'I miss my mom a lot': A young man with autism writes a letter to his mother, a PSW who died of COVID-19
In the short film Love, Leymo, he tells his mom about his struggles and achievements since her passing
On April 10, 2020, my mother, a personal support worker, was admitted to the hospital after contracting COVID-19. She later died in the ICU on May 7. I was devastated. I found myself alone in the world with my 13-year-old sister, not knowing what to do.
This was during the lockdown and before any COVID vaccines existed. It was a scary and chaotic time, and I was in disbelief — I still am to this day. I know a lot of people think things are back to normal now and the pandemic is over. But they've got to understand that nothing is back to normal for the people who have lost loved ones.

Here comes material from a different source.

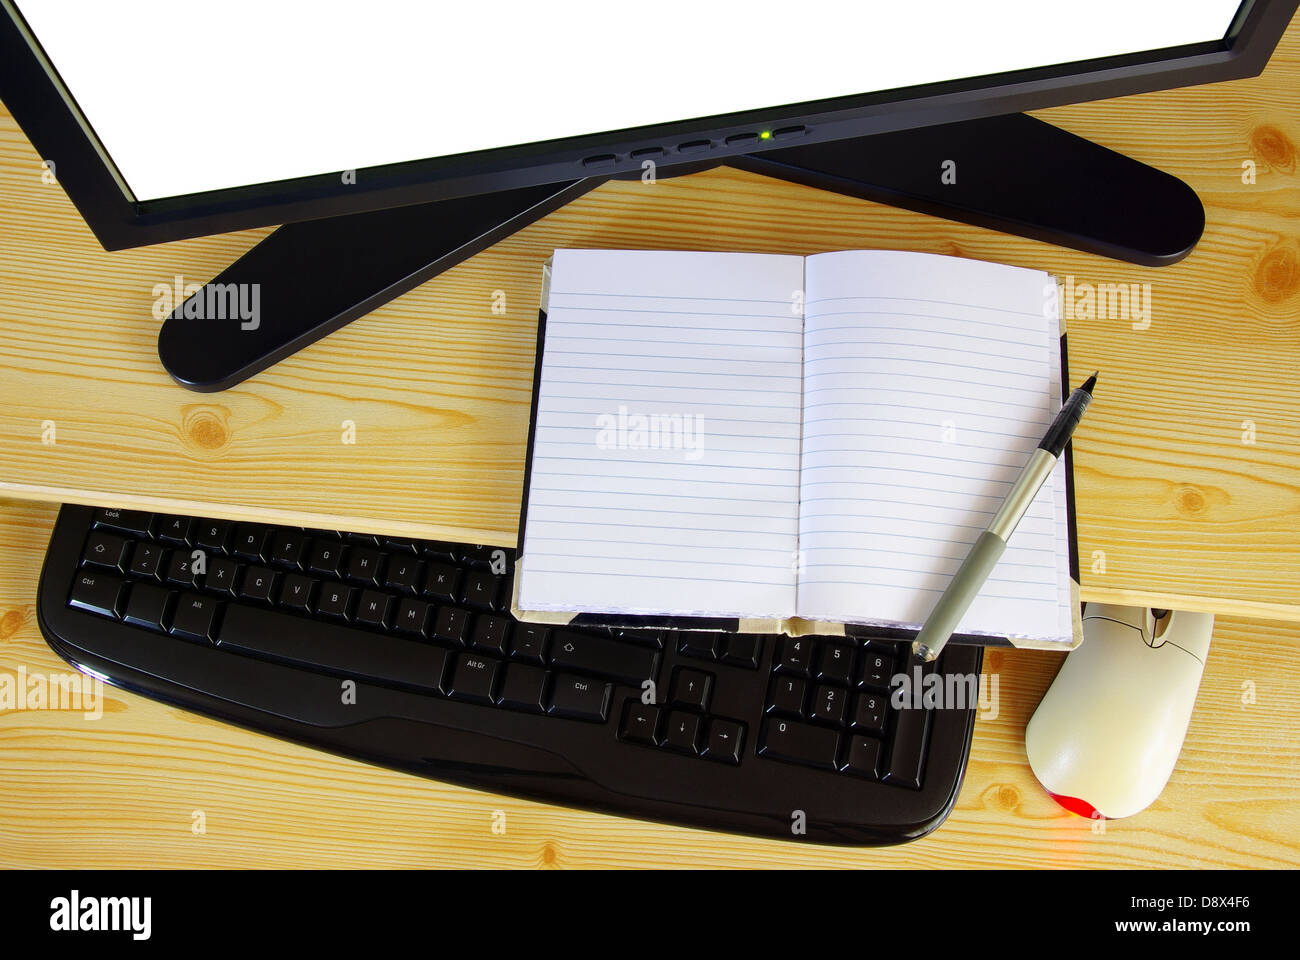 Computer desk with monitor, keyboard, mouse and an opened notebook and pen Stock Photo

In the short film Love, Leymo, I share my perspective about growing up as an autistic kid with my mom by my side to support me and advocate for me, and how that's all changed now that she's gone. But it's not just about my tragedy.

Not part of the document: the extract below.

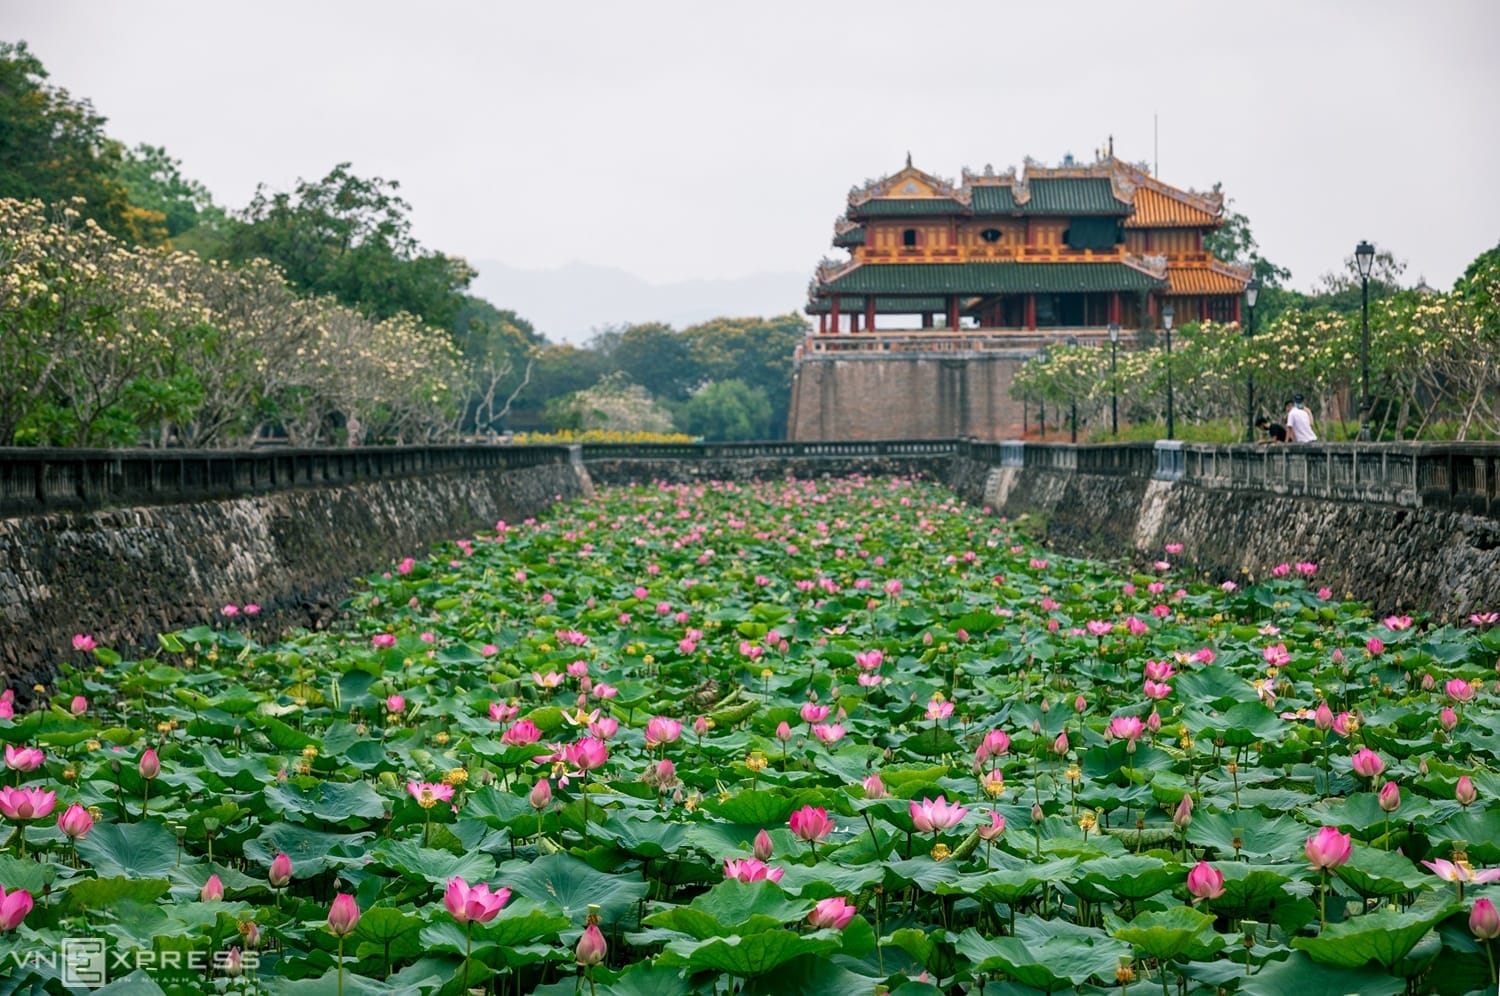 TRAVEL TO HUE: MOST IMPORTANT THINGS YOU NEED TO KNOW!

It's also about the things I've been thinking about lately. I'm not a kid anymore, and I have to support myself. So much has changed in the last couple of years. I write to my mother regularly to update her on everything that's been going on — the exciting things but also my challenges. I read one of those letters aloud in this documentary.
I miss my mom a lot. I wish I could talk to her about the things I'm going through. I have friends now that I can talk to who are supportive, but it's obviously not the same. My mom was the only person I could turn to whenever I needed support, and now that she's gone, it's really tough. Going to her funeral was especially hard, but I had to do it because it would be the last time I would see her. I thought it might give me some closure.
My mom was my champion for everything. She taught me to be proud of myself no matter what. So whenever I'm going through big life changes, like applying to college or trying to become a working actor, I write her a letter to update her about my achievements and struggles and dreams.
Whether I'm writing her about school stress, my excitement about the Wiggles, trying to understand the whole deal with dating girls, struggling with brutal actor self-tapes, or dealing with racism now that people see me as Black man (like, I actually have to shave my beard now), these letters help me understand a world that is complicated and sometimes cruel and unfair too.
I don't know. In some strange way, I feel like my mom is listening and still looking out for me. Because even though things have been tough, some really great things have been happening in my life too.
I sometimes say this world is a crazy place because there's so much to take in, not all of it makes sense and it can be overwhelming. I think most people feel this way at some point, and I want the audience to know that we are connected by that feeling of uncertainty.
I am more than just my tragedy. I am more than just a person on the autism spectrum. I have thoughts and ideas about the world that I think people on and off the spectrum can relate to. I have different abilities, but in many ways I am the same. I hope the audience feels that as well after watching Love, Leymo.